リスト1 Zend_Controller_Routerクラスを使うときのindex.php
図2 図2 Zend_Controller_RouterクラスのURL指定方法

 後ろにつけるキーは、Actionメソッド内で変数として取得できます。このURLの解釈で分かるとおり、Zend_Controller_Routerクラスを使用する場合は、DocumentRootにindex.phpが配置されている必要があります。このため、1つのWebサーバでZend Frameworkを使用した複数のアプリケーションをホストしたい場合は、Virtual Hostを設定してアプリケーションごとにホスト名称を用意する必要があります。

柔軟に利用できるがコーディング量の増えるZend_Controller_RewriteRouterクラス

 もう1つのRouterとしてZend_Controller_RewriteRouterクラスが用意されています。こちらのRouterは自由にルーティング制御を定義できる半面、コーディング量が増えます。 例えば、Zend_Controller_Routerクラスと同様のルーティングをしたい場合、リスト2のように記述します。Zend_Controller_RewriteRouterでは、定義したいルートごとにaddRouteメソッドを使用して設定し、リスト2は「:controller/:action」のルートを設定しています。先頭に「:」をつけることで変数として解釈されますが、「:controller」と「:action」は予約語として定義されており、そのままAction ControllerとActionメソッドの名称として解釈されます。
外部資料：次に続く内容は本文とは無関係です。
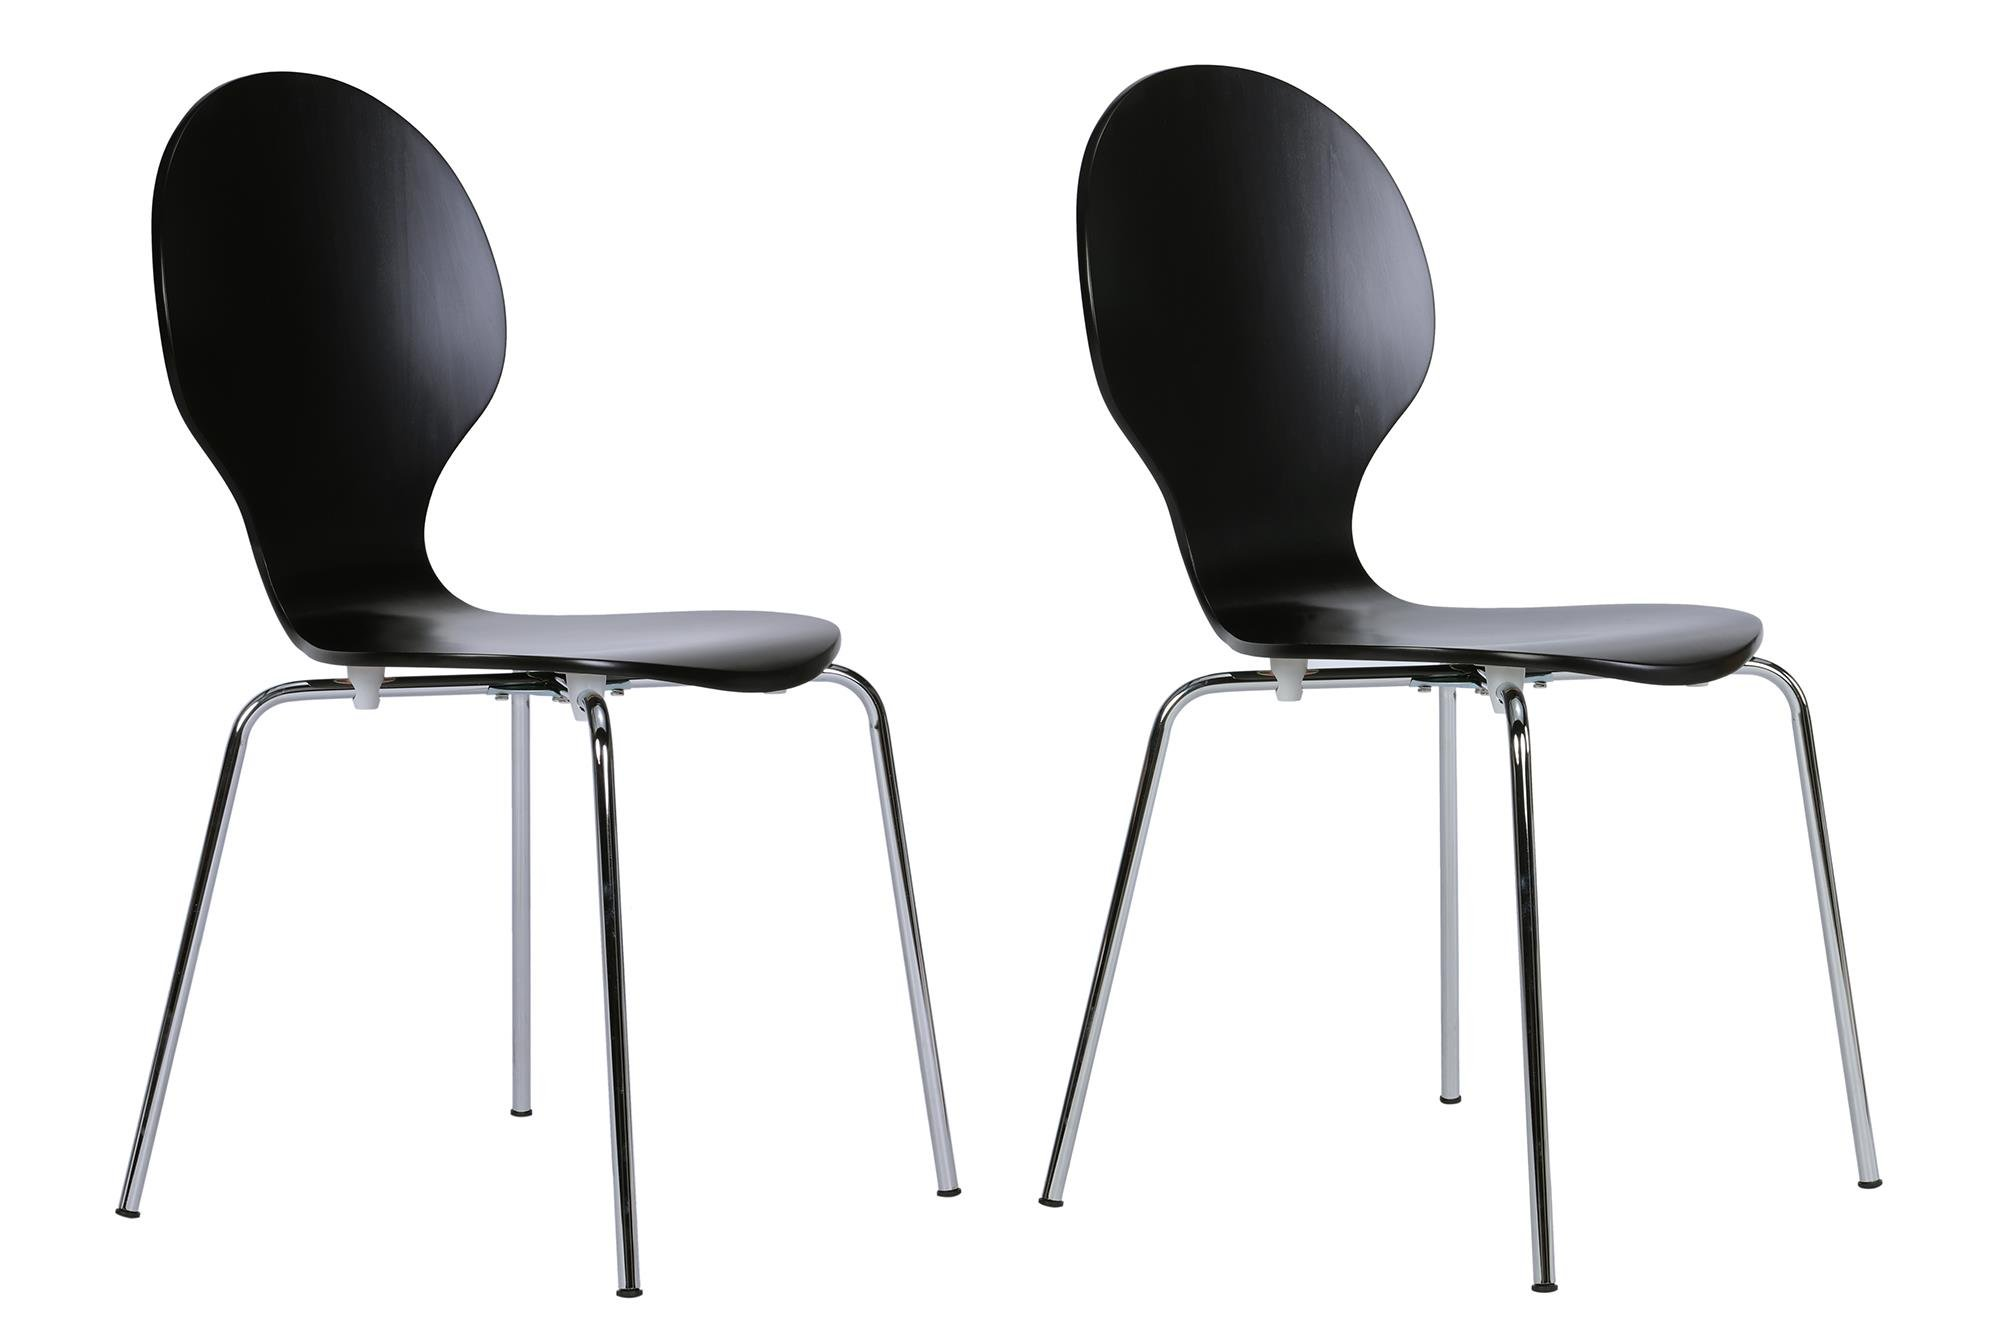 Novogratz Shell Bentwood Modern Round Chairs, Black, Set of 2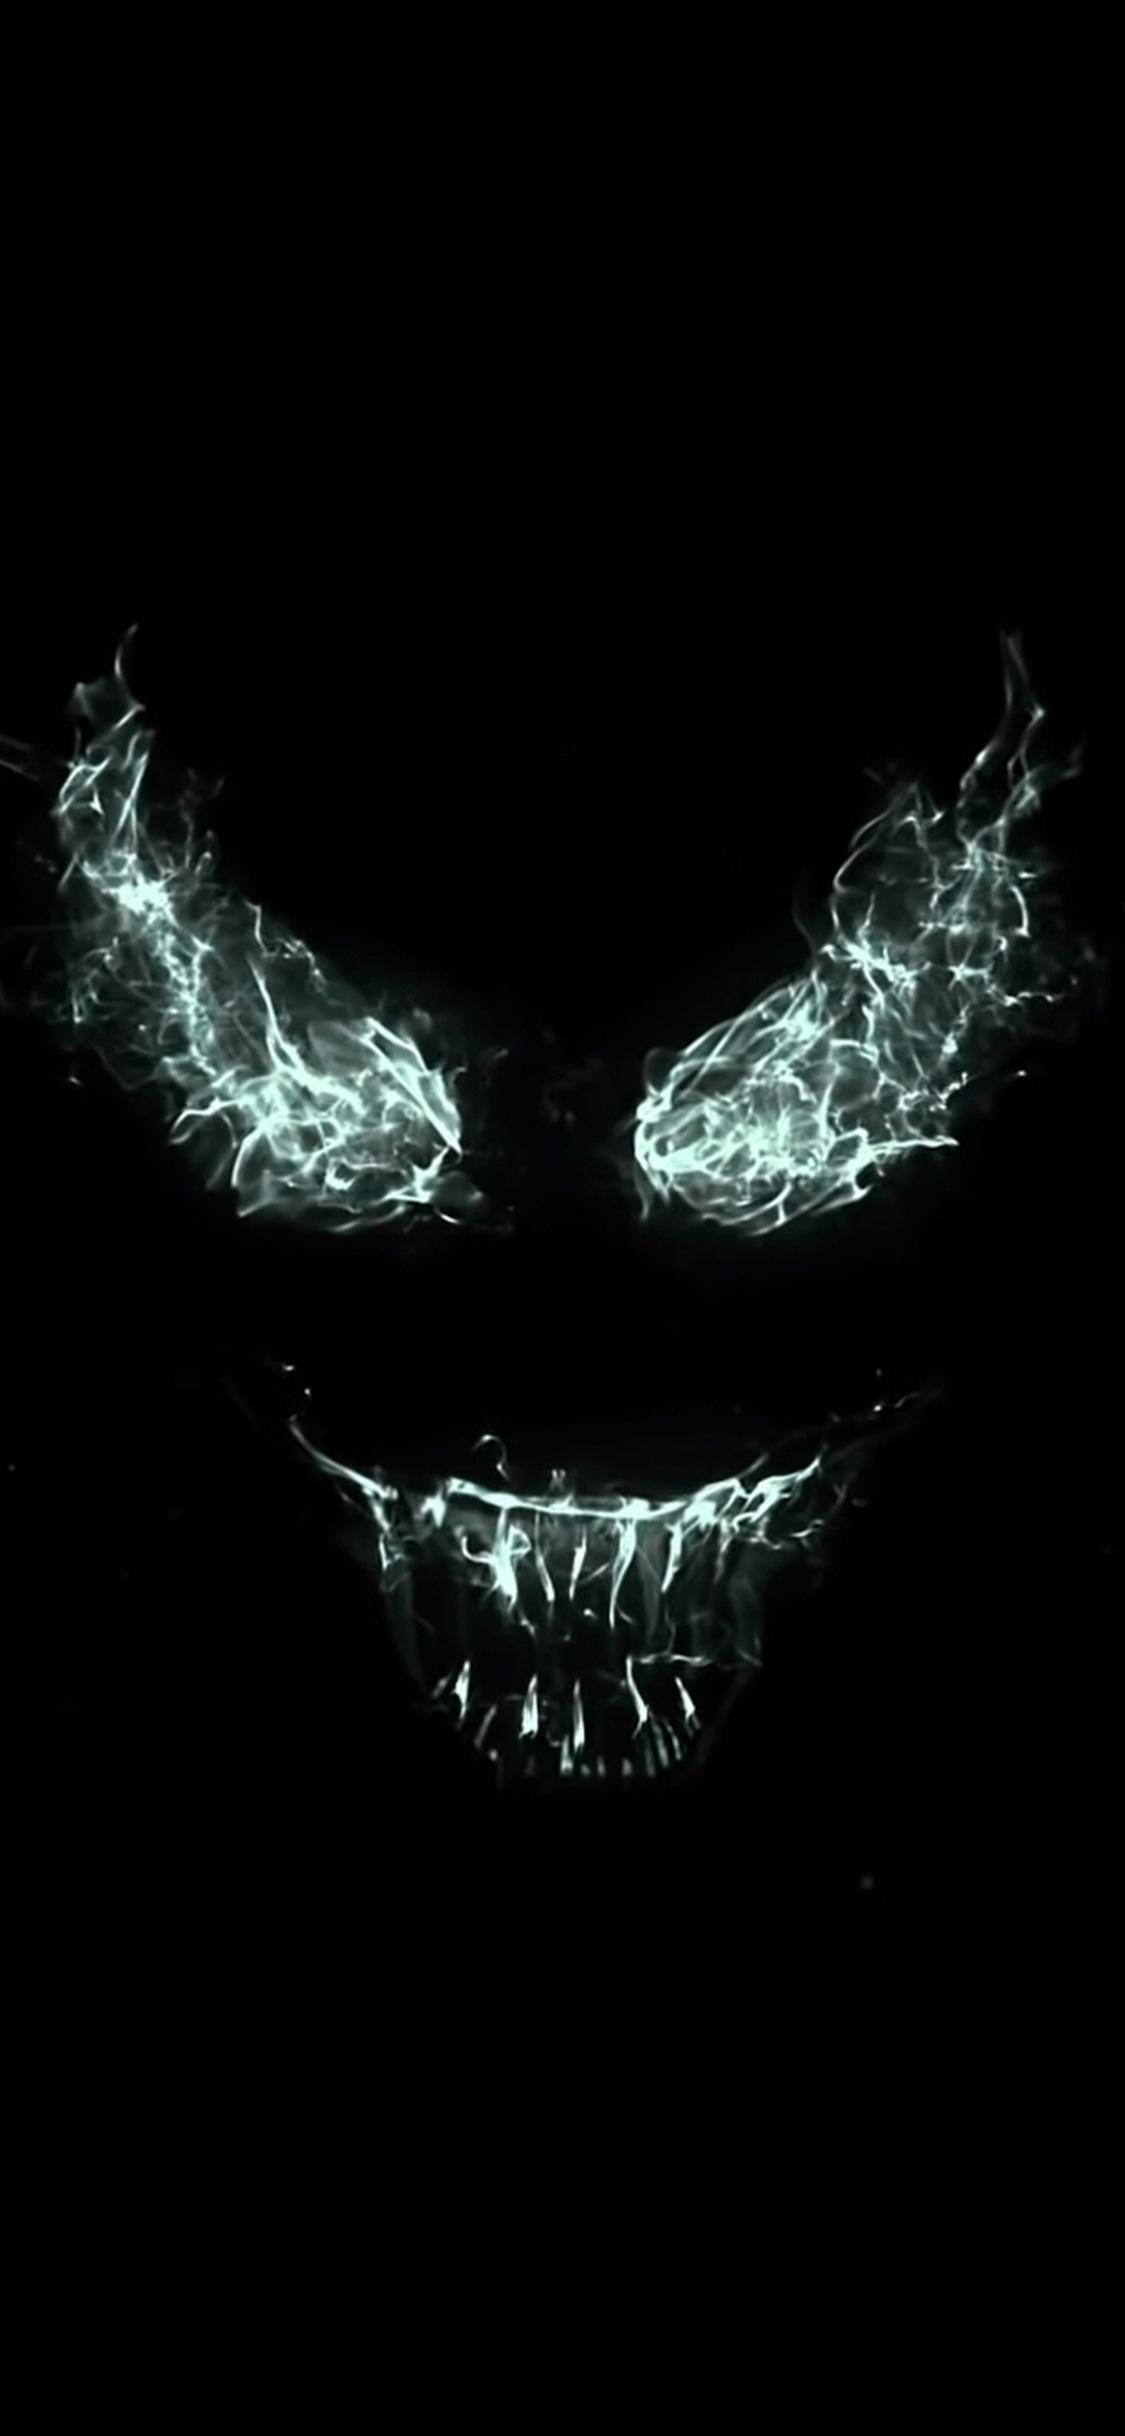 iPhone wallpaper venom movie Venom

require_once 'Zend/Controller/Front.php';
require_once 'Zend/Controller/RewriteRouter.php';

$router = new Zend_Controller_RewriteRouter(); $router->setRewriteBase("C:\www\blog"); $router->addRoute('user', ':controller/:action', array('controller' => 'Main', 'action' => 'Index'));
$ctrl = Zend_Controller_Front::getInstance(); $ctrl->setRouter($router); $ctrl->setControllerDirectory('./application/controllers')->dispatch();
リスト2 Zend_Controller_RewriteRouterクラスを使うときのindex.php

 また、リスト2ではsetRewriteBaseによってルートディレクトリを指定*しています(デフォルトでルートディレクトリを検知するためこの指定は必須ではありません)。注意すべき点としては、Zend_Controller_Routerクラスのように、キーを後ろにつなげるルーティングはサポートされていないことです。このため、Zend_Controller_Routerクラスを使用したアプリケーションをそのままZend_Controller_RewriteRouterクラスへ移行することはできません。現状では、用途に応じて使い分けるのが良いでしょう。

このページで出てきた専門用語

setRewriteBaseによってルートディレクトリを指定

ディレクトリを移動する場合の依存性となるため、このメソッドは指定しないように推奨されている。